The latest chapter in the Chinese debt crisis: what happens to Hywin Holdings

Hywin Wealth Management, a Chinese distributor of real estate wealth management products, said it is reselling its outstanding assets and will provide detailed resolution plans to all investors by the end of the month.
The announcement came following the Shanghai-based company's failure to pay for some investment products distributed at a time of crisis in the Chinese real estate sector.
No details have been leaked regarding the figures at stake.
Hywin, whose products are mostly invested in real estate, had announced in recent days that it had not been able to satisfy customers' refund requests.
He then set up a special task force to come up with a treatment plan in a race against time.
Meanwhile, shares of Hywin Holdings, its parent company listed on the Nasdaq, in the United States, fell by almost 60%.
The latter, to reassure investors, stated that its projects “have been delayed due to a declining economy”, and that a special investigative committee was established to “proactively coordinate stakeholders in planning solutions ”.
read also Prices too low: China's latest problem is called deflation What's happening in China: spotlight on Hywin Wealth Management Hywin Holdings began operating in late 2006 through Hywin Wealth Management.
Over the years, its website says, the company has provided asset allocation and wealth management services to more than 146,000 high-net-worth individuals and institutions.
Specifically, Hywin Wealth has more than 2,500 employees and offers wealth management and advisory services.
It is a relatively small player in China's $3 trillion shadow banking sector.
The company, which had ties to real estate developer China Evergrande Group, had $1.2 billion in assets under management and reported total assets of $328 million as of June 2023, according to a filing with the U.S.
Securities and Exchange Commission.
“In accordance with the latest regulatory policy and industry guidance, Hywin Wealth has volunteered to retire and resolve our existing assets.
We will inform everyone about the relevant solutions by the end of the month and we hope that people will refrain from believing and spreading rumors,” reads a statement issued by the group on December 17.
read also Economy and national security: what Xi's purges reveal The links between the real estate sector and asset management A hypothetical default of Hywin Wealth should not have the same consequences as other previously failed asset management companies, such as Zhongzhi.
This, however, demonstrates a key aspect of the economic crisis that has hit China: the intertwining, much deeper than one could have imagined, between the aforementioned Chinese asset management industry and the real estate sector.
Not surprisingly, a company prospectus describes Hywin Holdings as one of China's largest third-party asset management companies, as well as the country's leading provider of real estate-related fixed income products.

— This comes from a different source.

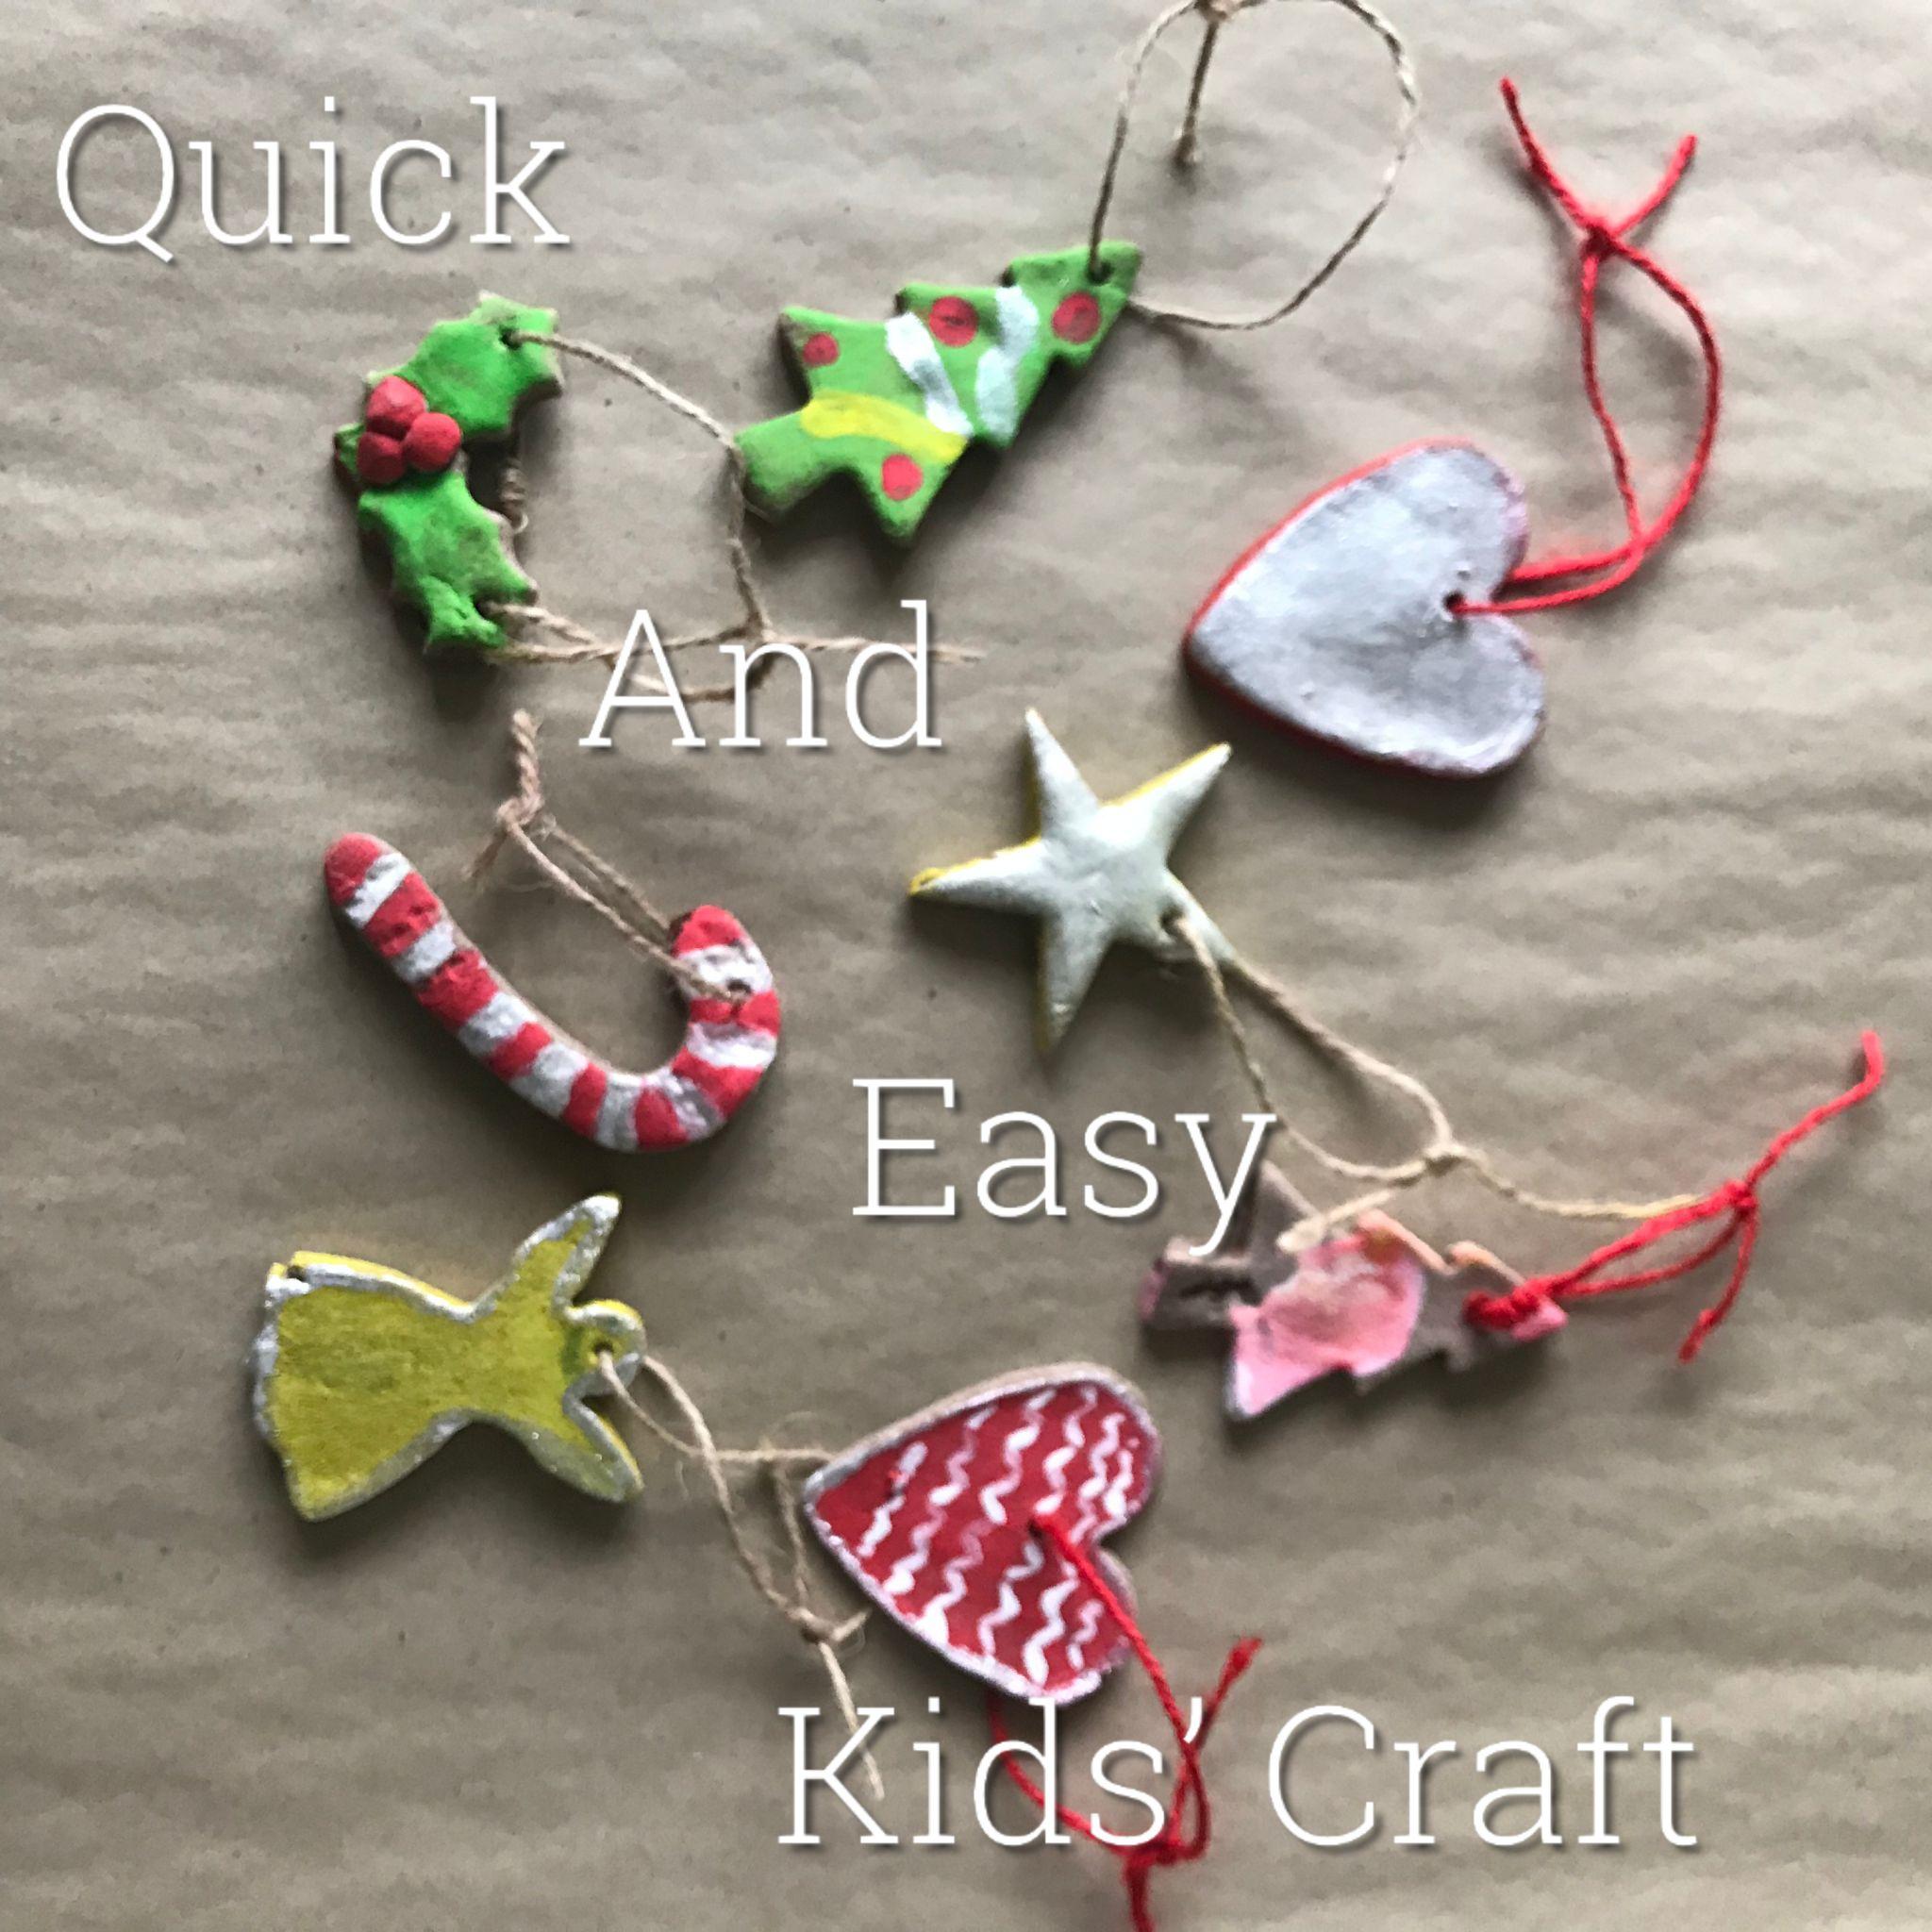 revsed Kids craft Title

Hywin Holdings products used to primarily finance real estate projects developed by Evergrande, Sunac and other large developers, with maturities ranging from six months to three years.
The company's announcement, therefore, triggered new worries among Chinese investors, already shaken last month by shadow banking giant Zhongzhi Enterprise Group, which had warned of a serious insolvency after one of its trustee affiliates failed to make payments on high-performance products.
A subsequent criminal investigation into the firm, which had used families' savings to invest in multiple areas – including real estate – could now potentially inflict tens of billions of dollars in losses on those same investors.
The Hywin grain, therefore, is yet another flashing light that has appeared in a dashboard (read: Chinese economic system) that needs to be fine-tuned.